I went with Michelin X-Ice 3 from TireRack. Mounted them on 18" Alzor 628 wheels purchased from ECSTuning. Very happy with ride and performance. Almost didn't want to take off in the spring.


----------



## Yoshiman (Aug 21, 2015)

Hi everyone! New to the forums! I am looking at buying a new S3 and had a quick question. Is it possible to get the car with all season tires? I didn't see that option and I would like to have them for the snowy Minnesota winters. Thanks!


----------



## TripE46 (Feb 23, 2013)

Yoshiman said:


> Hi everyone! New to the forums! I am looking at buying a new S3 and had a quick question. Is it possible to get the car with all season tires? I didn't see that option and I would like to have them for the snowy Minnesota winters. Thanks!


I believe, if you do not get the "performance package", the 18" wheels come with all season tires. If you're buying new, you could probably work that into the deal. When I landed on the car that I wanted, the salesman said "this comes with summer tires installed, is that ok?" I said yes, but I have a feeling that if I said no, he would have said something like "ok we'll throw some all seasons on it then."


----------



## Yoshiman (Aug 21, 2015)

Thanks for the info TripE46. I'm just in the beginning stages of looking. That's something I will definitely ask the dealer. I appreciate the help.


----------



## jitsracer (Jul 26, 2016)

*Fit 17s for the 3*

Have a 2016 S3 w/advanced package with the 19inch rims. 

Did a lot of research w/regards to 17s on the car. 

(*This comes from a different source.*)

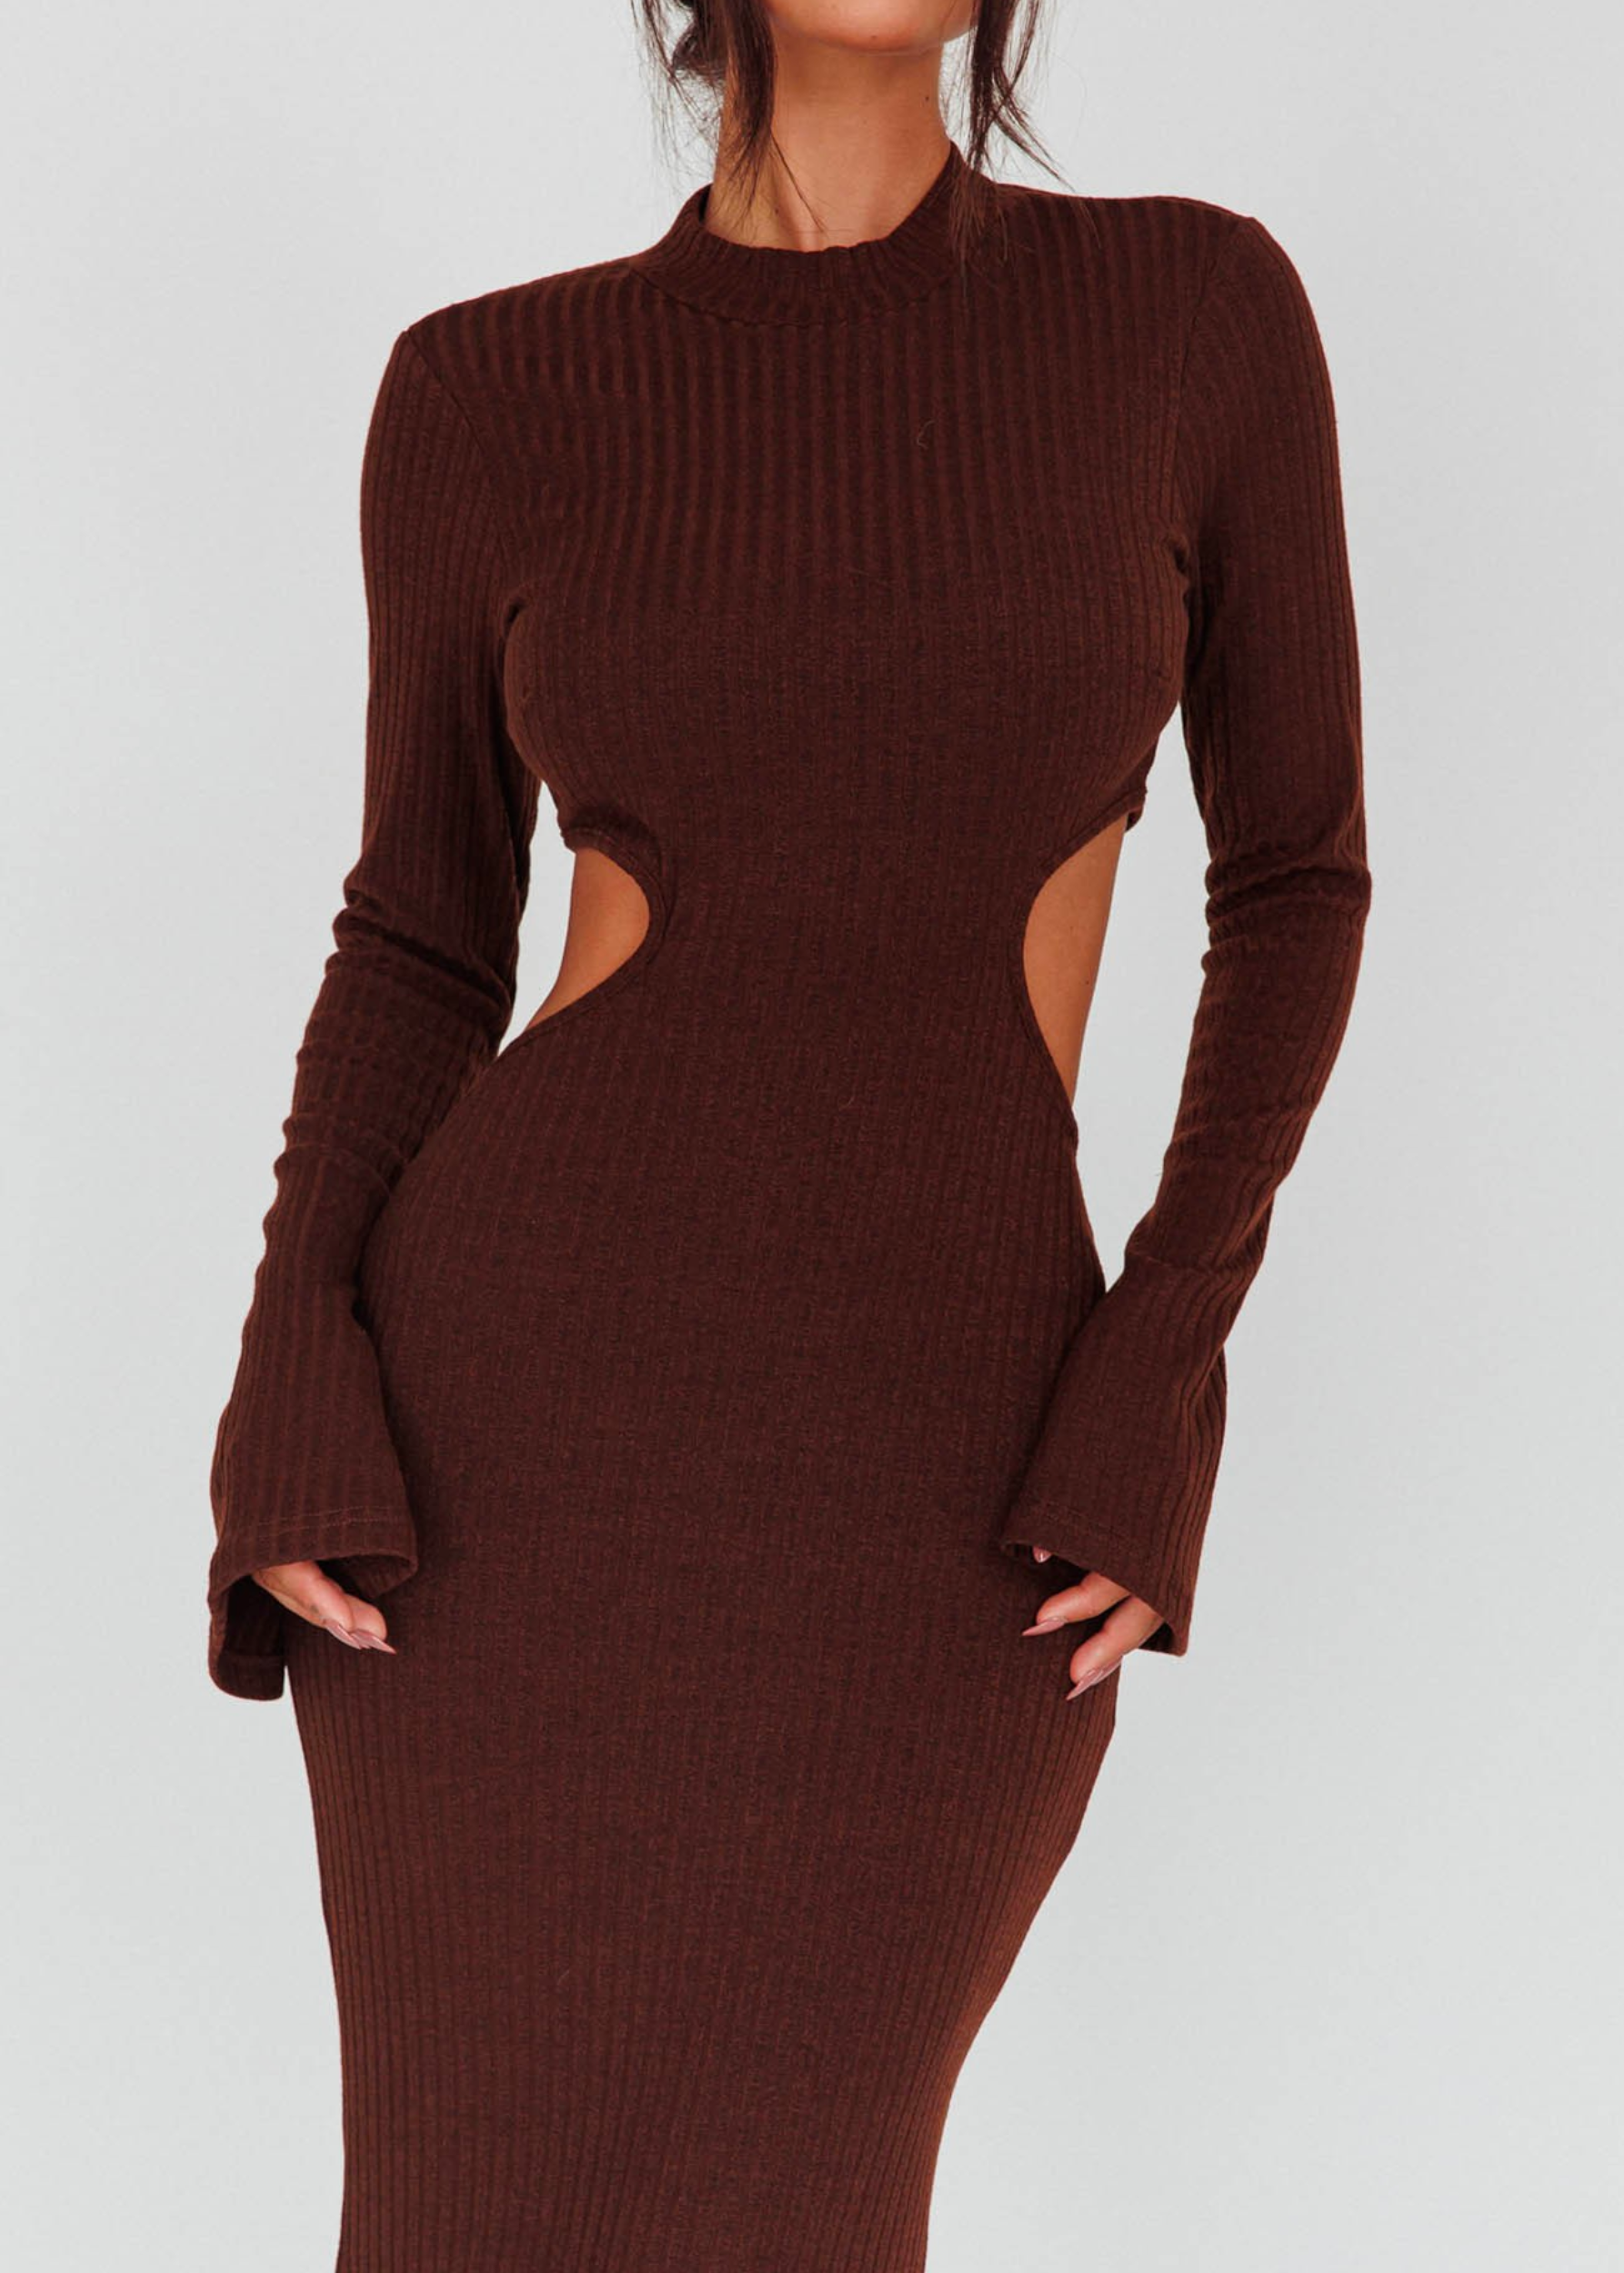 Long Sleeves with flared Cuffs Knit Maxi Dress

My mechanic managed confirmed that i can use 17s. 

check it out

image upload no limit


----------



## sgt_cr (Mar 18, 2015)

Flying Tomatoes said:


> I'm selling my stock S3 18s with stock 225/40R18 Continental Contact XT all seasons on them if you're interested. They only have 75 miles on them. You're also local to me.


hey are you still selling them?


----------